A builder being leery at passing women is being a twat, and it is not part of his job at all.

But even if they do only ever approach people and speak to them respectfully and non-persuasively - which very few of them ever seem to do, as they know that this doesn't get the money in - they're doing a job that the vast majority of people find an imposition and do not want. They are salespeople, who have sized you up as a potential/intended source of money, which people just do not want when they are trying to get on with their day. They have chosen to do their job; but their job wholly relies on my participation - and I most definitely have not chosen that job.

And let's not forget that they are working primarily for themselves: they are wanting to effectively get you to give THEM your hard-earned money over several months in exchange for the 'service' of them guilting you to continue giving each month to a charity that you will almost certainly be already familiar with anyway... but only after they've had the first several months of it for themselves, which they never, ever tell you is part of the 'deal'.

I really don't think that most people realise how this works and the brazenness of it. It's the direct equivalent of, in the old days, somebody rattling a bucket labelled "Please give generously for Anytown Hospice" and actively approaching people passing by for them to chuck in cash by calling "Help the hospice?" EXCEPT, they stand there doing this from 9-3 each day... they take out all of the money that's put in the bucket in the morning and pocket it for themselves; then whatever is thrown in in the afternoon is passed on to the hospice.

Absolutely everybody would have considered this blatant fraud and deception - even if the hospice had surprisingly pre-agreed with them that they were fine to do this.

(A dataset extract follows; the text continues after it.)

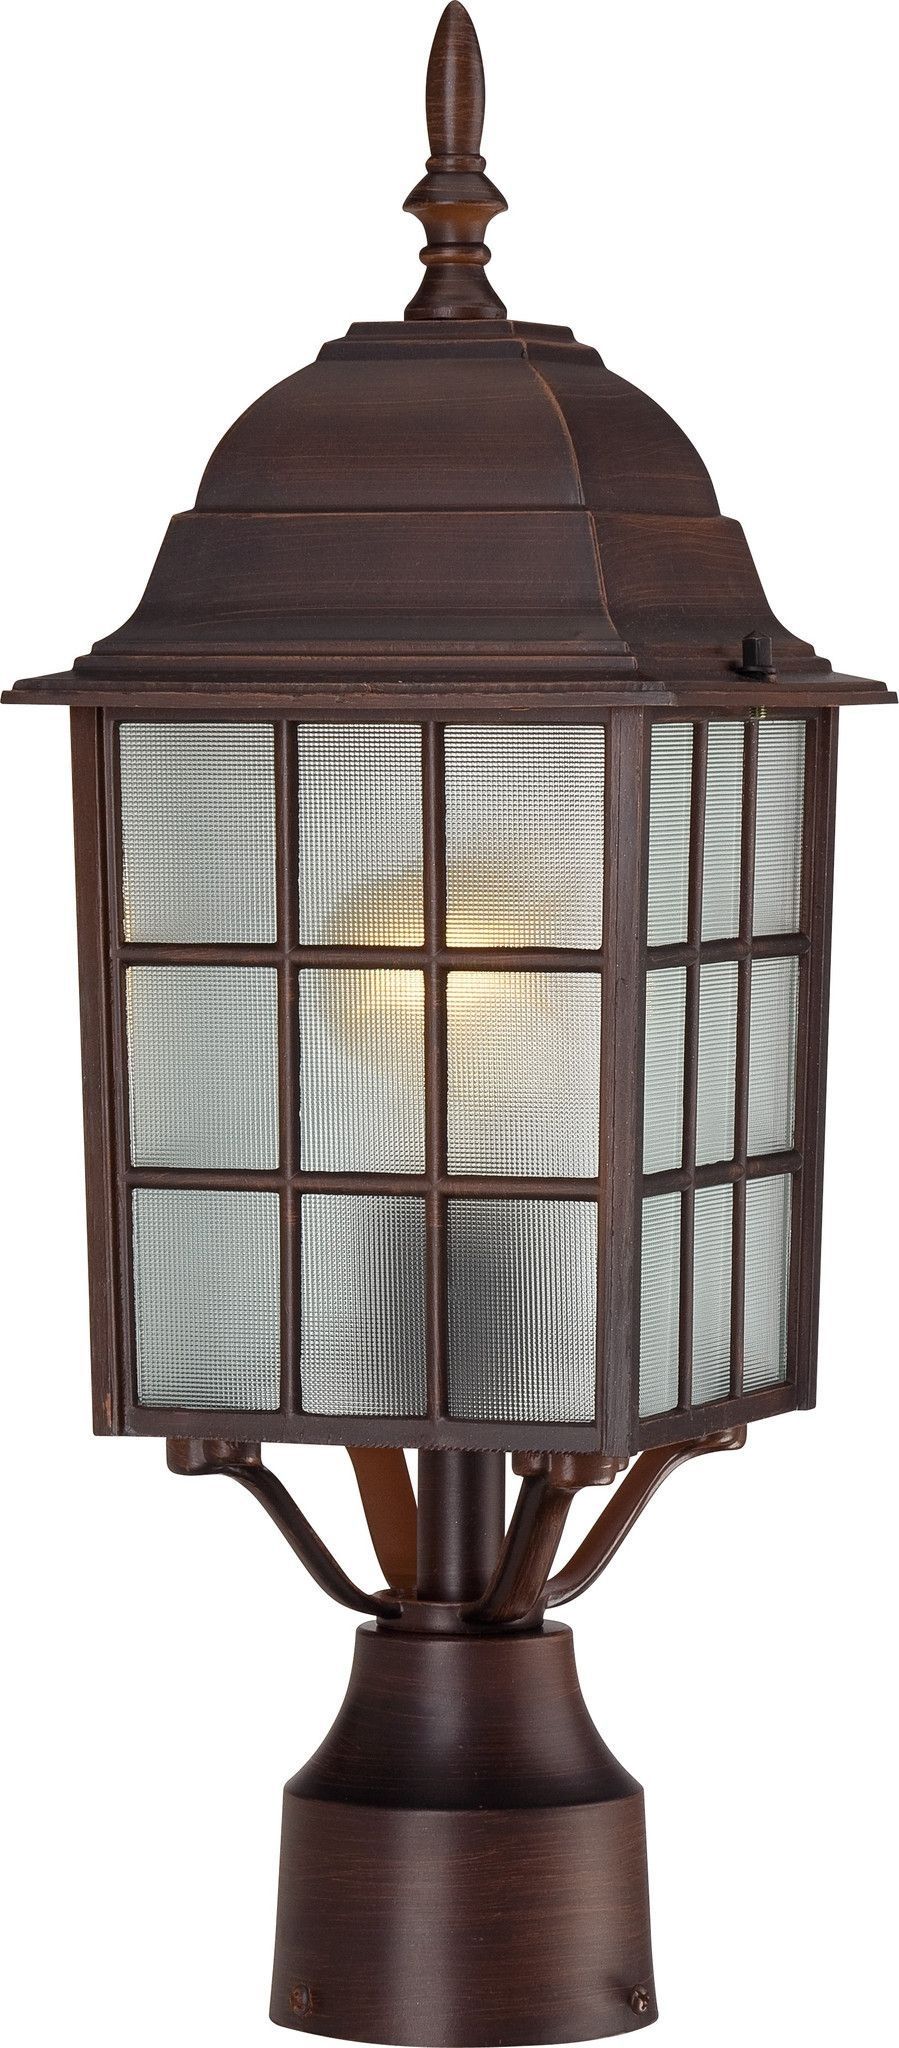 17" Outdoor Lamp Post Lights In Rustic Bronze Finish | Outdoor Lamp In Outdoor Lamp Lanterns (Photo 18 of 20)

Just because technology and banking have moved on, it's still every bit as deceitful and shameful.

Iocanepowder · 03/04/2026 05:38

This has been a really interesting thread to read.

There are always chuggers outside my local supermarket. Next time i have some free time, i might have a sit down there with a snack and watch them to have a look at how they are targeting people and if they are targeting more women.

I have to wonder if they would actually get more money by asking for £1 in the bucket. People are making a really good point about not giving out bank details. Though they still wouldn’t get anything out of me as i never carry cash.